Norway's OKEA has agreed to buy Shell's entire 44.56 per cent interest in Draugen and 12 per cent interest in Gjøa in Norway for US$556 million.
The Draugen field was the first Norwegian Sea development and has been a flagship asset for A/S Norske Shell over the last 25 years. The Gjøa field is a highly productive field with stable production, substantial subsurface upside and several tie-ins both committed and expected that will extend field life and value.
The deal is subject to government approvals, with completion expected by the end of the year and the effective date for the transaction January 1st 2018.
On completion, Draugen staff onshore and offshore are expected to transfer to OKEA with full continuity of service.
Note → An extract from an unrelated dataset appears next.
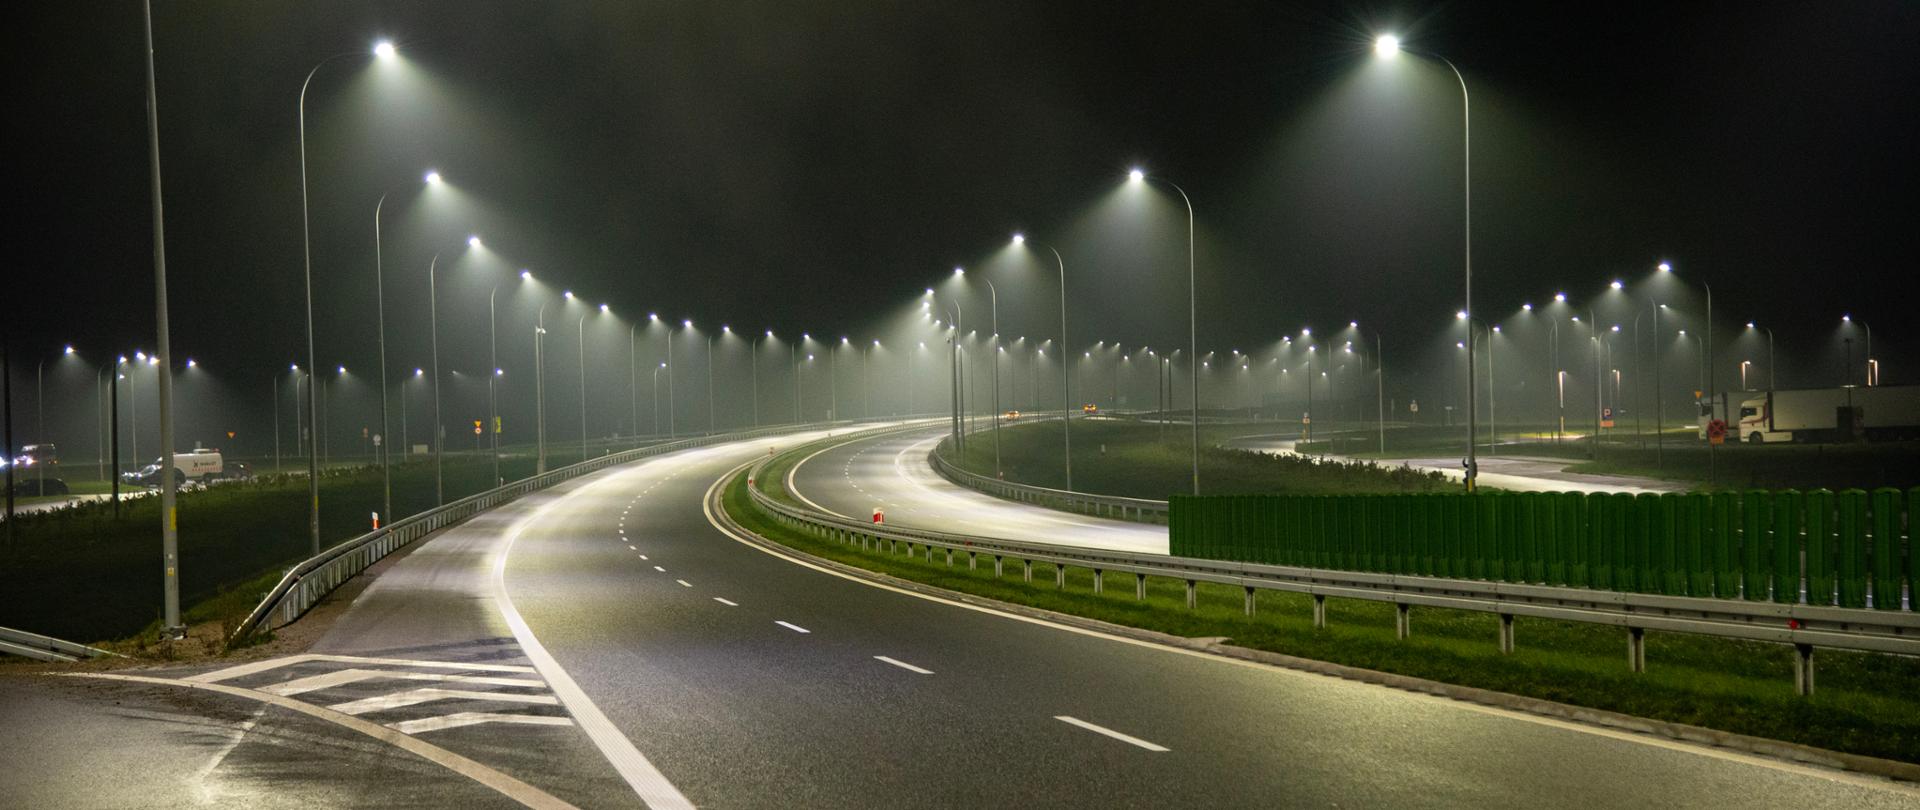 Droga ekspresowa S19 w nocnej scenerii, palą się latarnie, nie widać samochodów

The private equity-backed company said that it aims to extend Draugen field life into the 2040s through continued focus on cost efficient operations, additional resources within the licence and near field exploration.
OKEA’s CEO Erik Haugane, said: “This high-quality acquisition is transformational for OKEA. The Draugen field is known for its excellent reservoir properties, operational excellence and outstanding HSSE performance. It will not only give us substantial production and cash flow, but additional operational capability and resource with which to take advantage of future opportunities and create value. We look forward to welcoming the highly skilled and experienced team from Shell and continuing operations in a safe, effective and prudent manner, as we establish the most effective operating company on the NCS.”
“We are pleased to have found a buyer with an experienced leadership team and with a business strategy that aligns very well with the opportunities offered by Draugen and Gjøa” said Rich Denny, Managing Director of A/S Norske Shell.
The decommissioning costs associated with the assets are currently estimated to be $120 million after-tax and Shell said it will retain 8 per cent of this liability up to an agreed cap and OKEA will assume the remaining liability.